Tim dari Ries dan IMVU mencoba mengembangkan produk sebaik mungkin, mereka berasumsi bahwa para user tidak akan mau menambah program obrolan daring mereka (bayangkan HP anda yang sudah dipenuhi oleh WhatsApp, LINE, Telegram, Signal, apakah masih mau menambah 1 program obrolan daring lagi). Sehingga mereka mengembangkan suatu program mereka untuk dapat terintegrasi ke banyak program obrolan daring. Mereka menghabiskan enam bulan untuk launch, dan produk IMVU yang sudah didesain dengan sedemikian rupa, dengan baik/ well engineered ternyata gagal total. Bukan karena programnya sering error ataupun crash. Tetapi karena tidak ada user.

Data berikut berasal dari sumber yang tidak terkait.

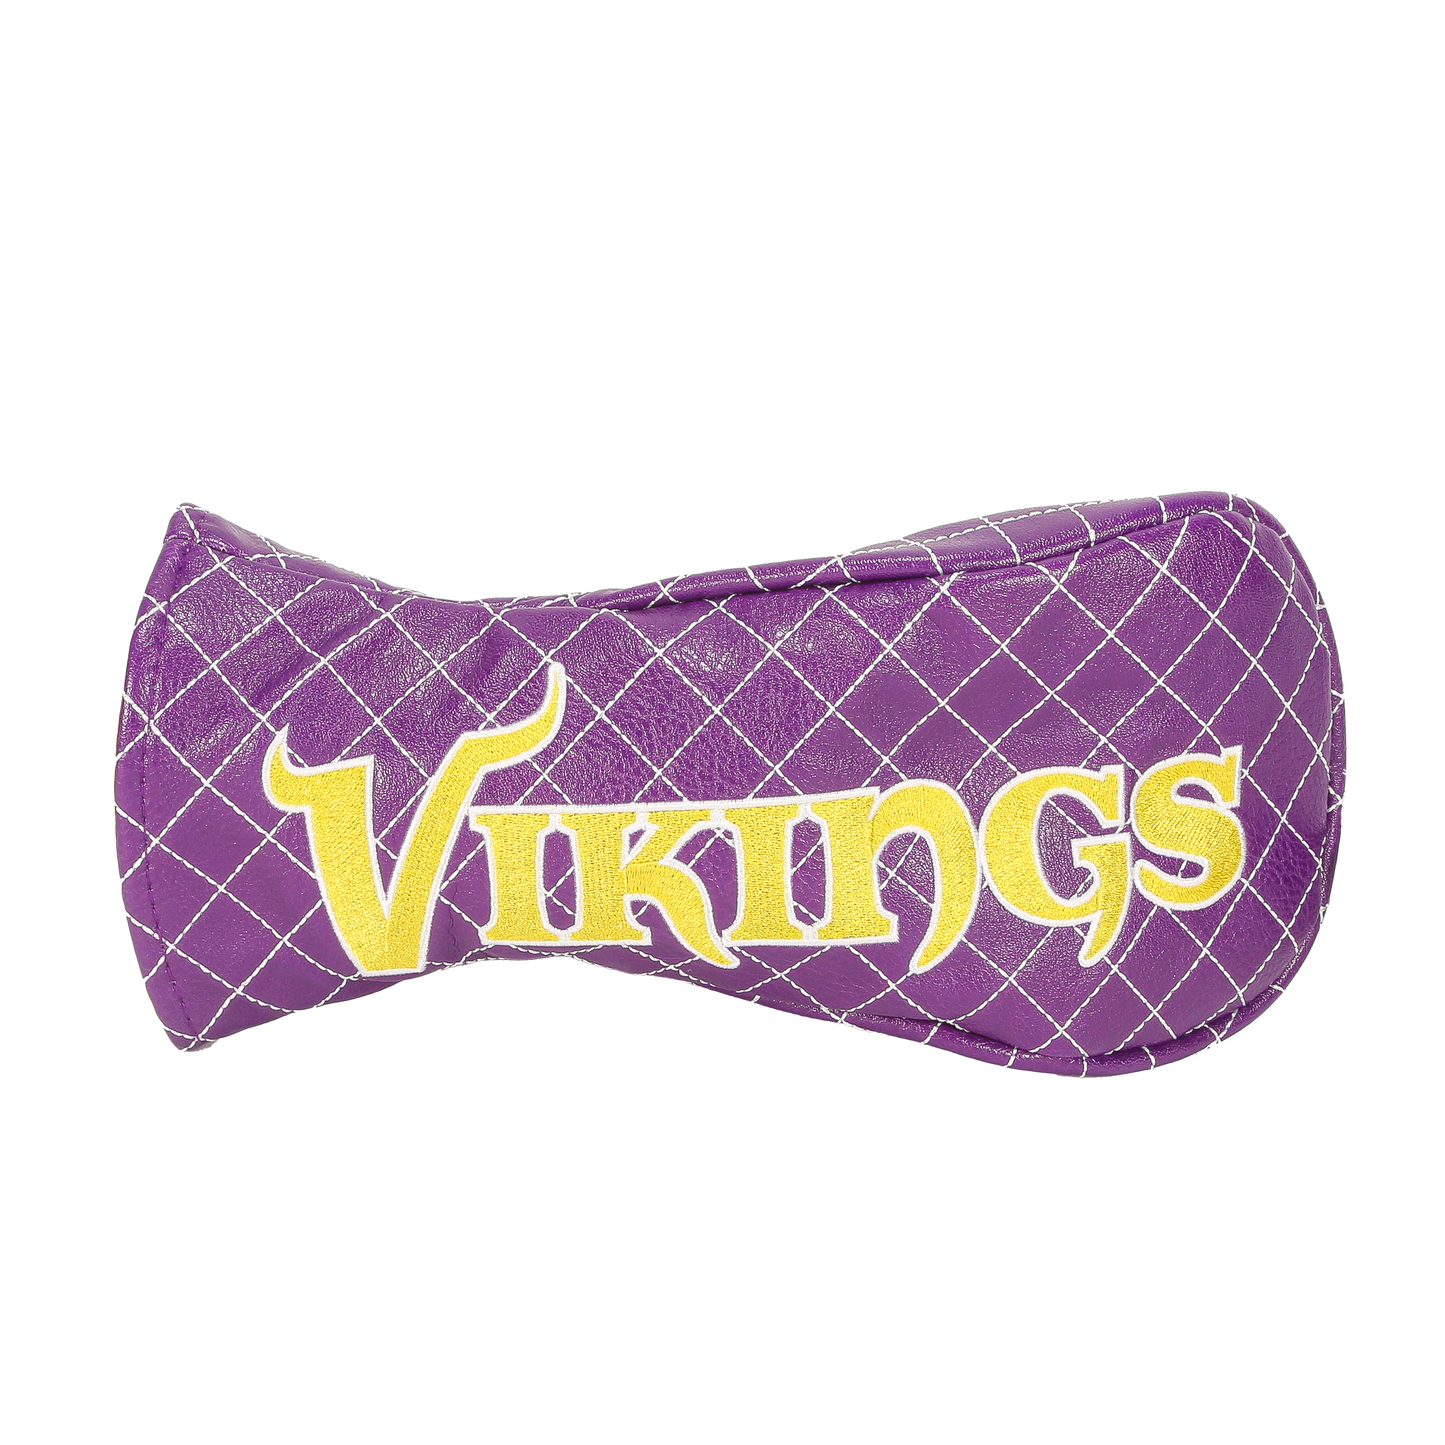 Minnesota "Vikings" Fairway Cover

Kenapa suatu produk yang bagus, tidak ada user nya? Memang ada beberapa kemungkinan seperti program tersebut tidak memiliki marketing yang bagus dan kurang promosi. Tapi Ries menawarkan suatu penjelasan yang menarik. Ketika IMVU mengeluarkan program pertamanya, mereka berteori akan apa yang di sukai oleh para calon pengguna. Apa yang mereka teorikan, ternyata salah besar. Secara fundamental, ide bisnis mereka sudah solid. Para pemakai mereka ternyata cocok dengan konsep 3D Avatar, dan mereka menganggapnya menarik. Tetapi mereka sama sekali tidak mau menggabungkan 3D avatar mereka dengan program program obrolan daring mereka. Asumsi mereka kalau orang tidak mau menambah program obrolan daring, ternyata salah total. IMVU sekarang menjadi program chat 3D avatar yang berdiri sendiri, dan sampai sekarang IMVU masih menjadi kisah sukses startup.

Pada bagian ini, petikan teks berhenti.